There are downsides though. SQL databases are generally much more mature, and have more features than typical RDF databases. Things like transactions are often much more crude, or non existent. Also, the cost per unit information stored in RDF v's SQL is noticeably higher. It's hard to generalise, but it can be significant if you have a lot of data - though at least in our case it's an overall benefit financially given the flexibility and power.

Both commenters are correct, especially since Semantic Web is not a database, it's a bit more general than that.
But I guess you might mean triple store, rather than Semantic Web in general, as triple store v. relational database is a somewhat more meaningful comparison. I'll preface the rest of my answer by noting that I'm not an expert in relational database systems, but I have a little bit of knowledge about triple stores.
Triple (or quad) stores are basically databases for data on the semantic web, particularly RDF. That's kind of where the similarity between triples stores & relational databases end. Both store data, both have query languages, both can be used to build applications on top of; so I guess if you squint your eyes, they're pretty similar. But the type of data each stores is quite different, so the two technologies optimize for different use cases and data structures, so they're not really interchangeable.
A lot of people have done work in overlaying a triples view of the world on top of a relational database, and that can work, and also will be slower than a system dedicated for storing and retrieving triples. Part of the problems is that SPARQL, the standard query language used by triple stores, can require a lot of self joins, something relational databases are not optimized for.
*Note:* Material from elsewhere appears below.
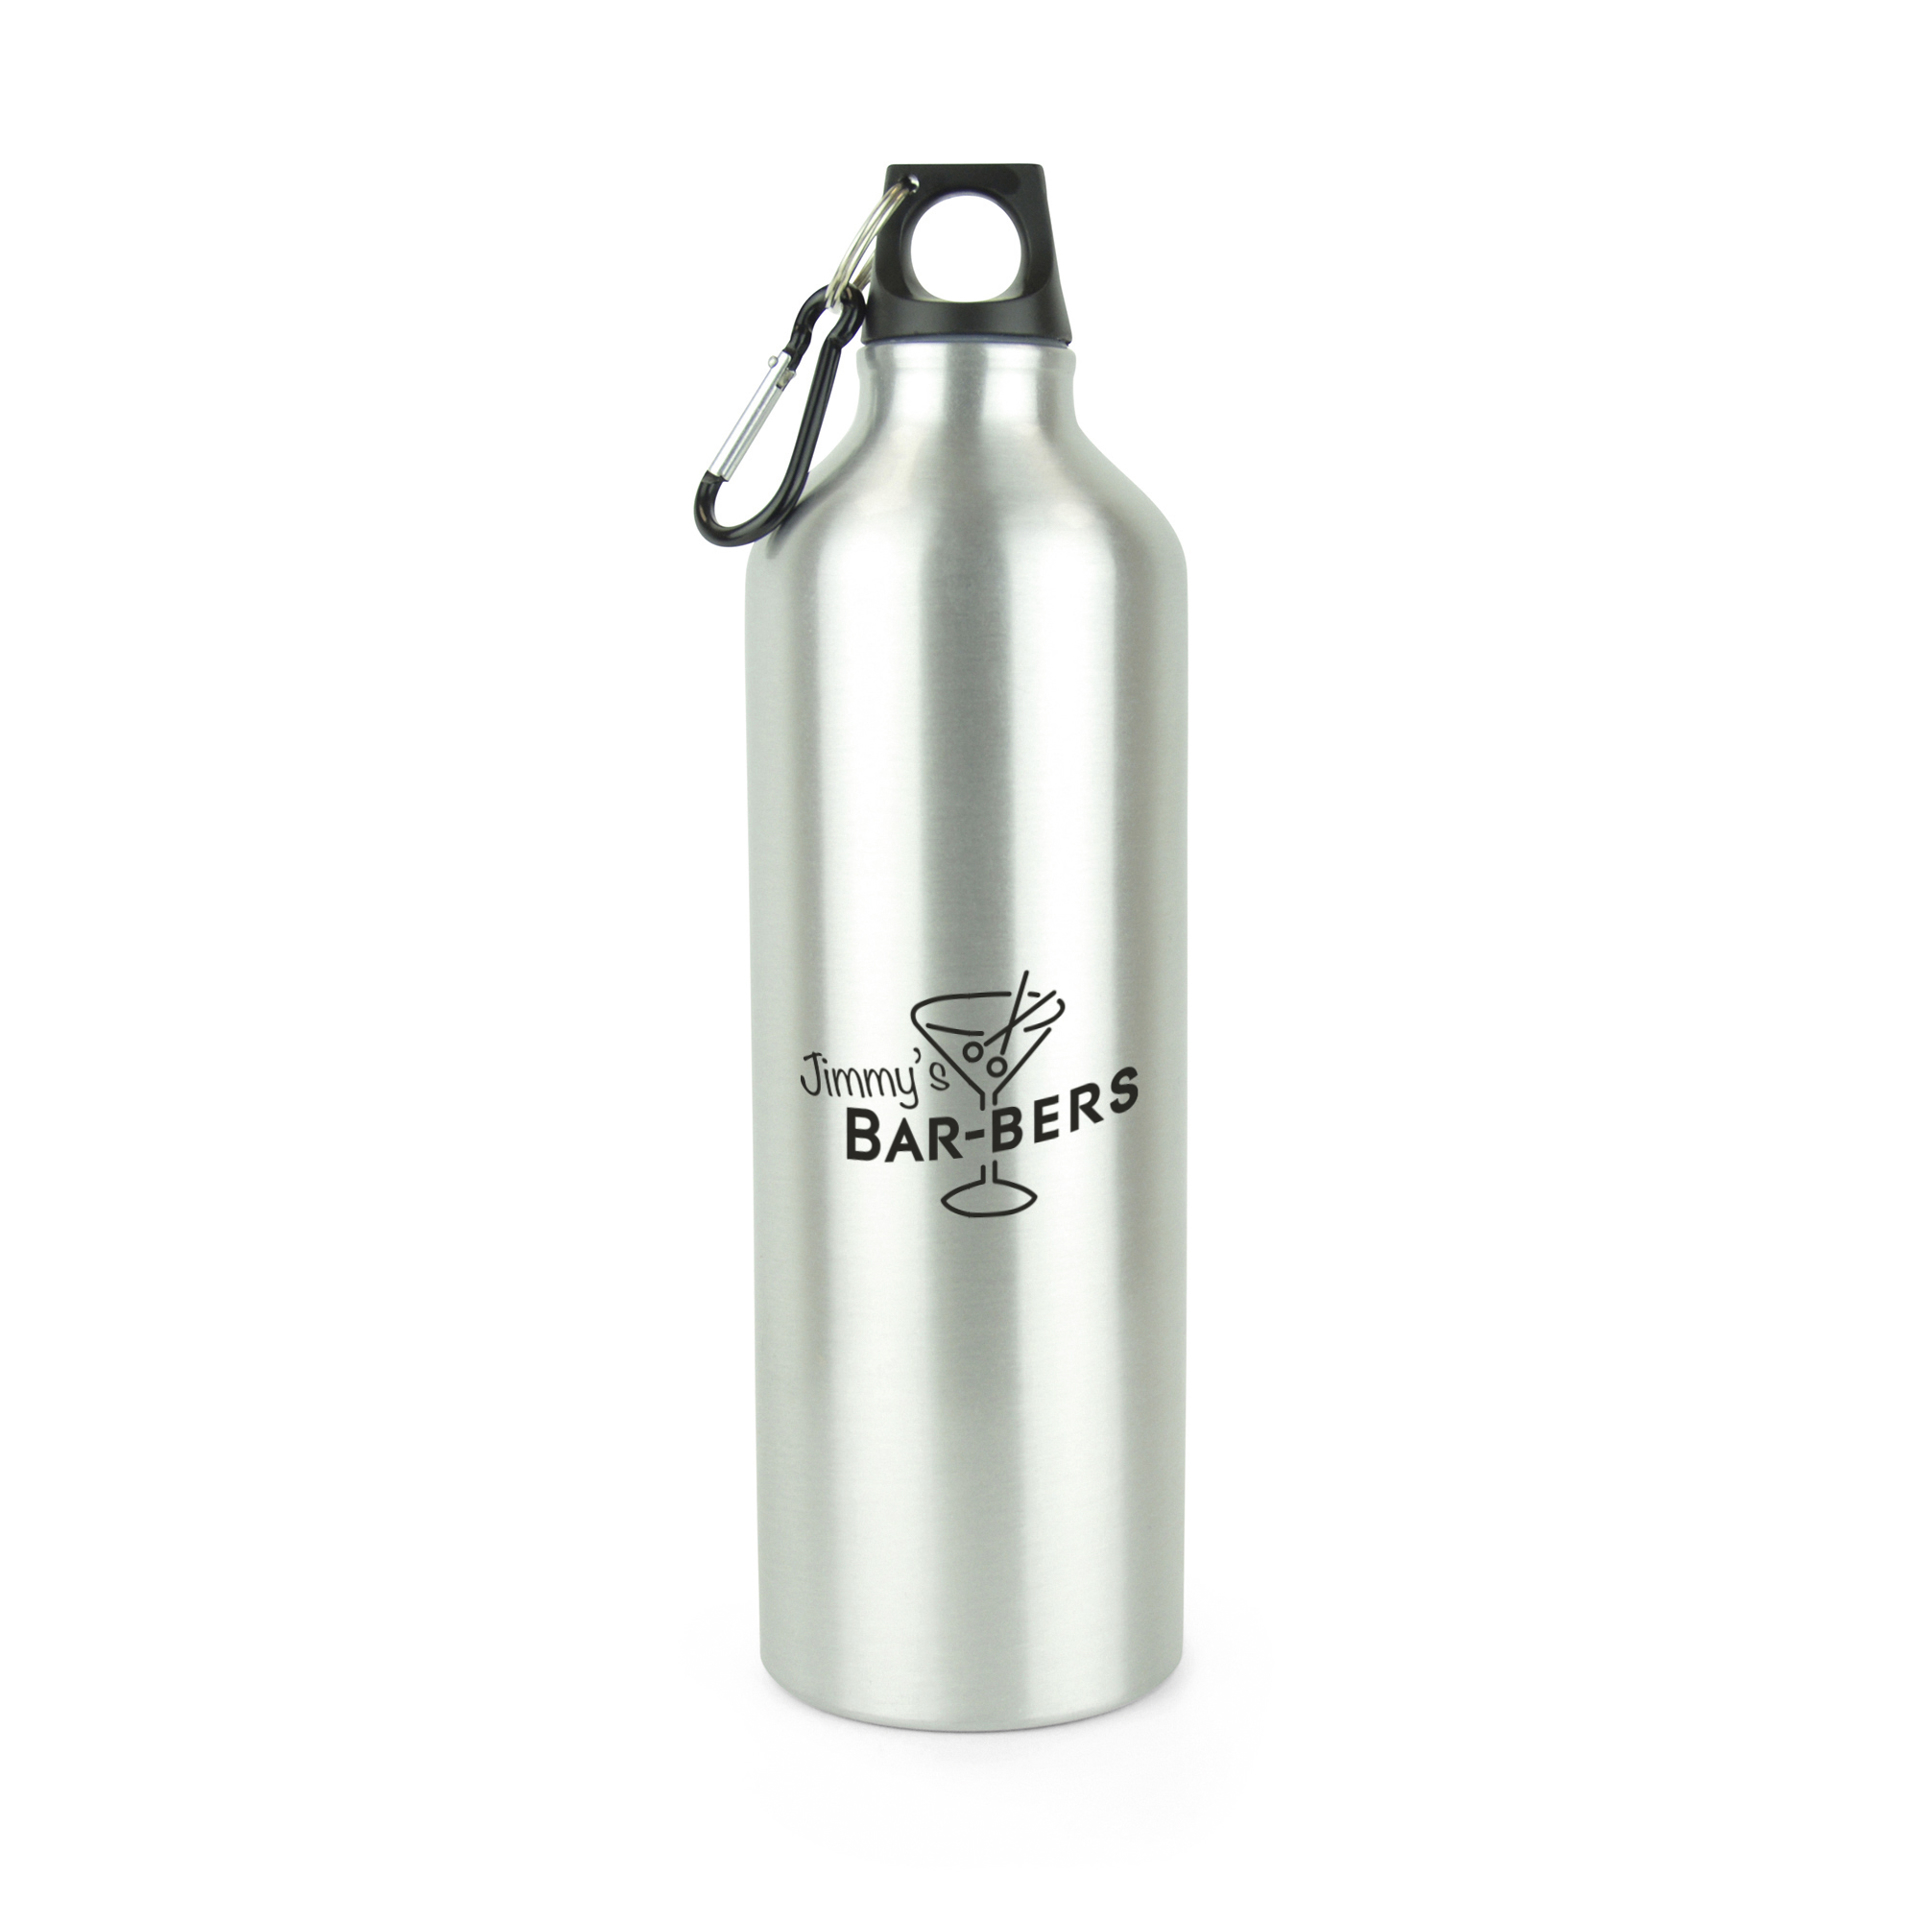 Herring - 750ml Aluminium Bottle in silver with black lid and 1 colour print
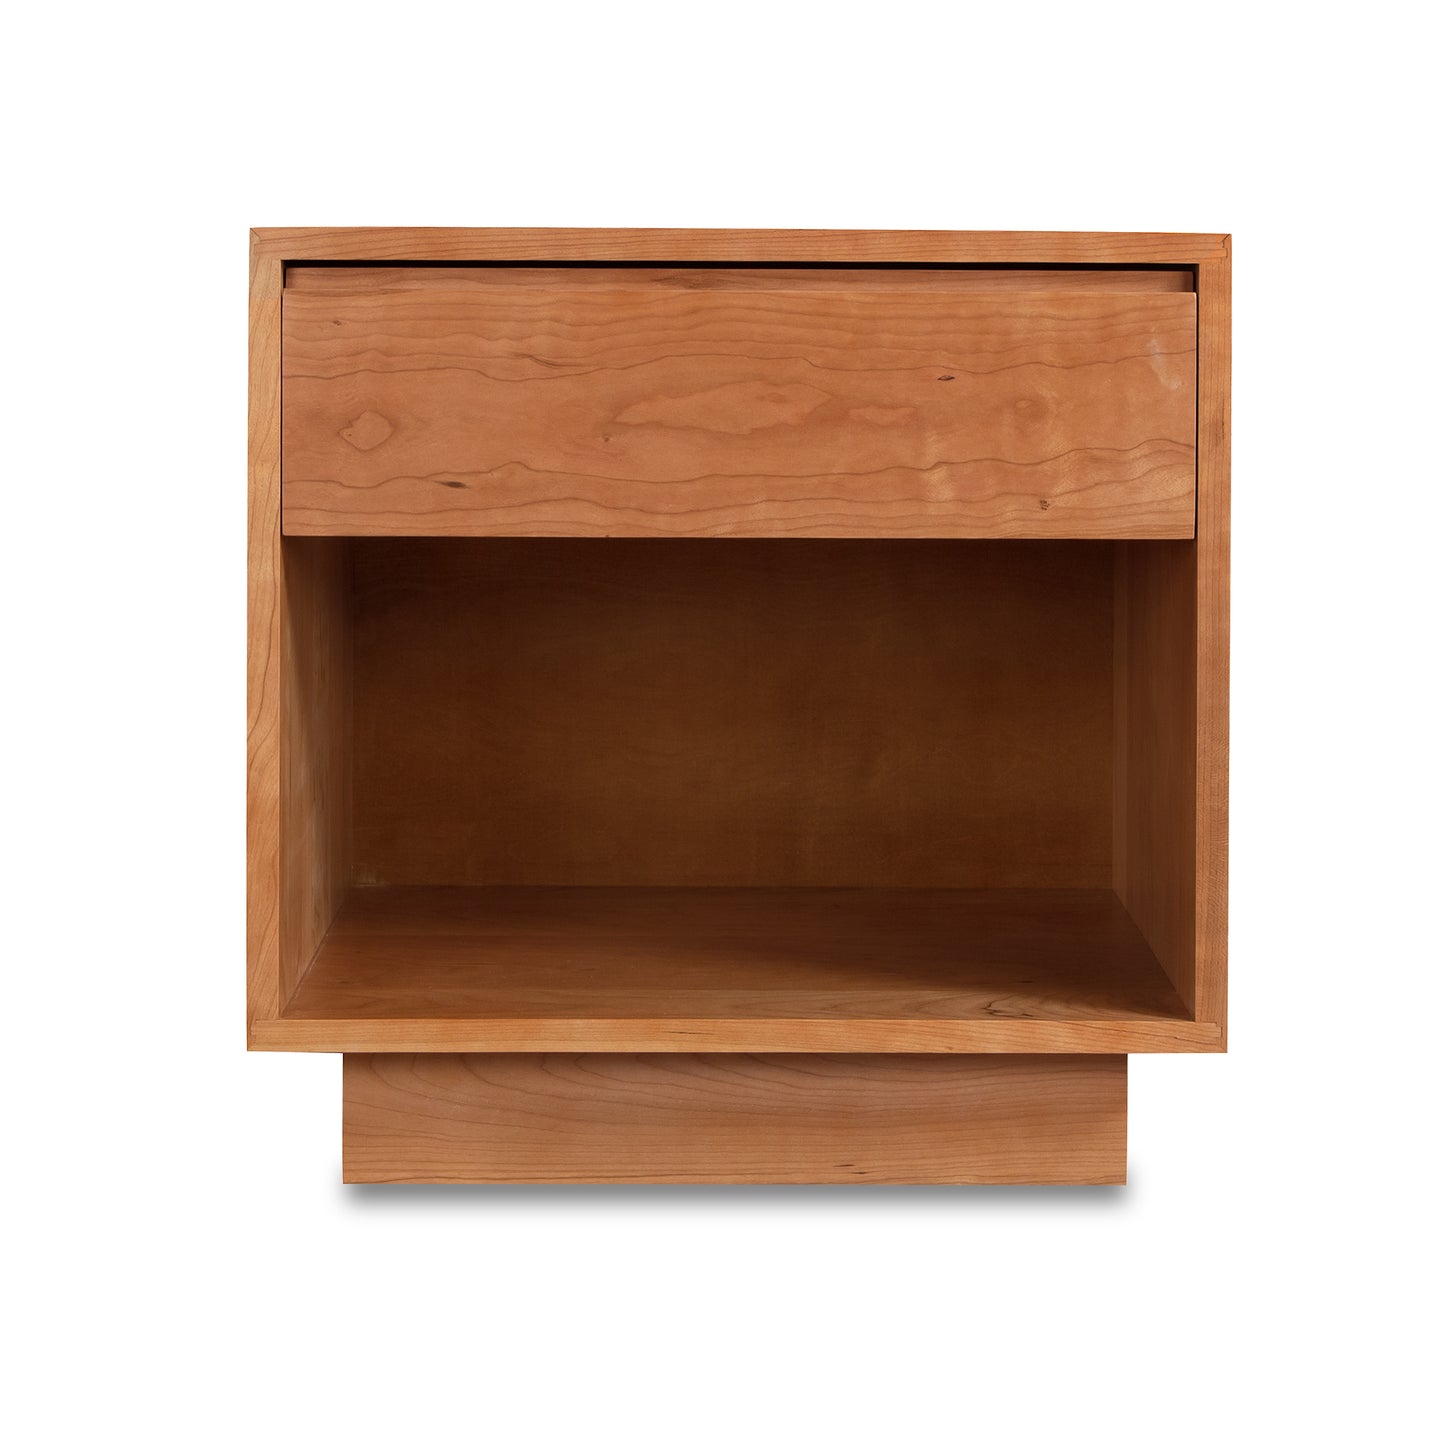 A handcrafted Sutton 1-Drawer Enclosed Shelf Nightstand by Lyndon Furniture with two drawers and a shelf.

If you look at benchmarks, such as SP2B, you can see that Oracle, which just overlays SPARQL support on its relational system, runs in the middle or at the back of the pack when compared with systems that more natively support RDF.
Of course, the RDF systems would probably get crushed by Oracle if they were doing SQL queries over relational data. But that's kind of the point, you pick the tool that's well suited for the application you want to build.
So if you're thinking about building a semantic web application, or just trying to get some familiarity in the area, I'd recommend ultimately going with a dedicated triple store.
I won't delve into reasoning and how that plays into query answering in triple stores, as that's yet another discussion, but it's another important distinction between relational systems and triple stores that do reasoning.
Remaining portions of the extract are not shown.